In much of the developed world, air-conditioning in buildings is the dominant driver of summer peak electricity
demand. In the developing world a steadily increasing utilization of air-conditioning places additional strain on
already-congested grids. This common thread represents a large and growing threat to the reliable delivery of
electricity around the world, requiring capital-intensive expansion of capacity and draining available investment
resources. Thermal energy storage (TES), in the form of ice or chilled water, may be one of the few technologies
currently capable of mitigating this problem cost effectively and at scale.

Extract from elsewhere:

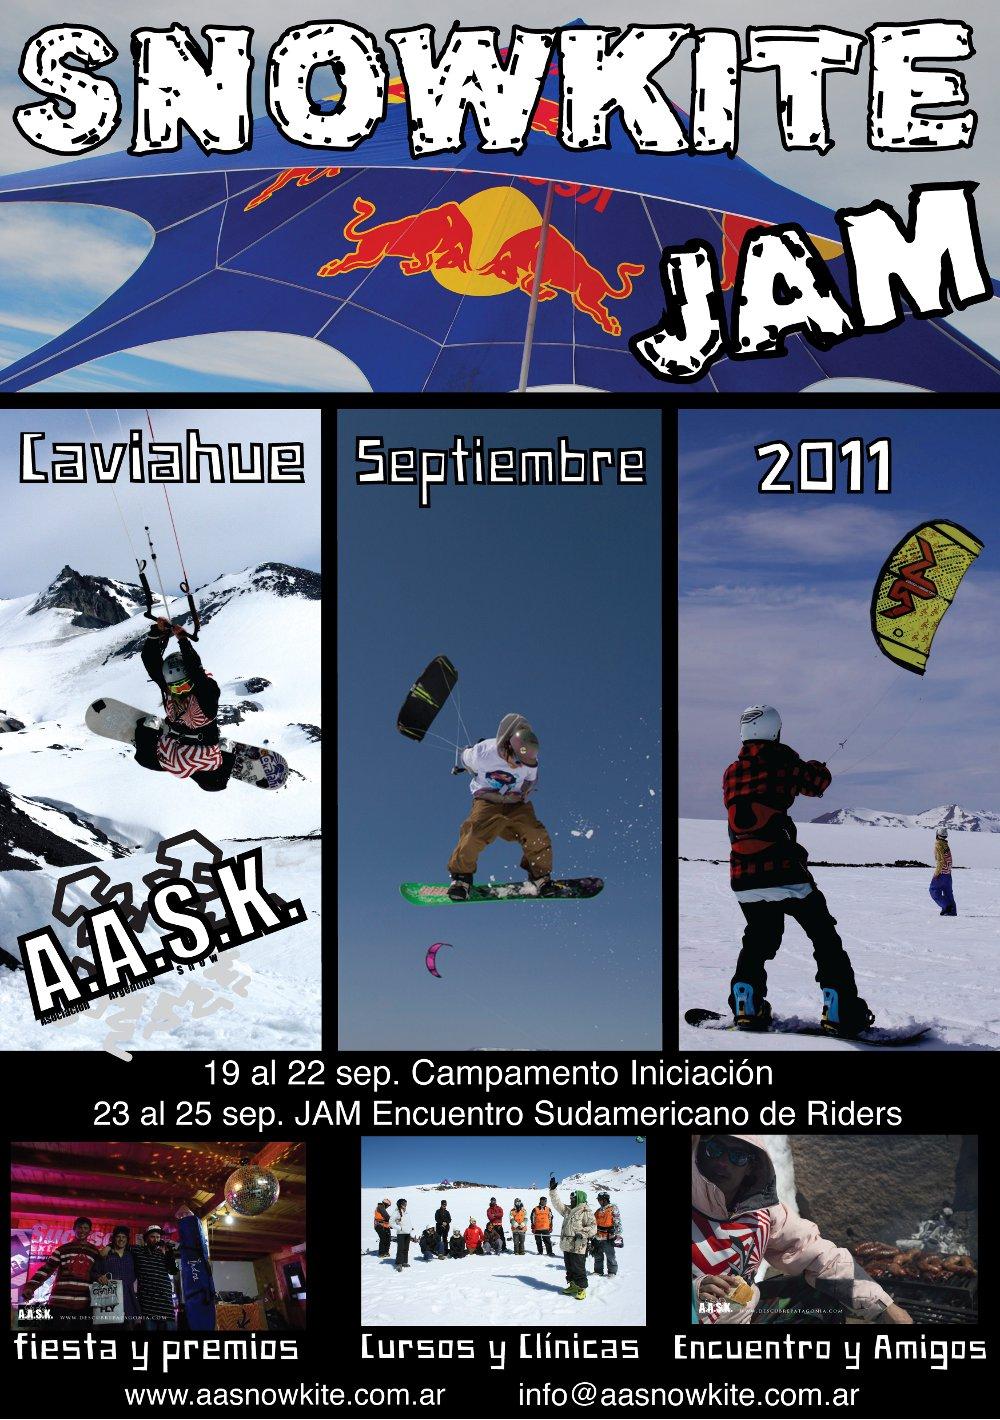 UPDATE (31-07-2011) O Snowkite Camp + Jam de Caviahue (ARG), organizado pela AASK, já virou um clássico sul-americano para todos os que gostam de kitear na neve. Primeiro e único evento deste tipo na América...

The installation of TES capacity allows
a building to meet its on-peak air conditioning load without interruption using electricity purchased off-peak and
operating with improved thermodynamic efficiency. In this way, TES has the potential to fundamentally alter
consumption dynamics and reduce impacts of air conditioning. This investigation presents a simulation study of
a large office building in four distinct geographical contexts: Miami, Lisbon, Shanghai, and Mumbai. The
optimization tool DER-CAM (Distributed Energy Resources Customer Adoption Model) is applied to optimally
size TES systems for each location. Summer load profiles are investigated to assess the effectiveness and
consistency in reducing peak electricity demand. Additionally, annual energy requirements are used to determine
system cost feasibility, payback periods and customer savings under local utility tariffs.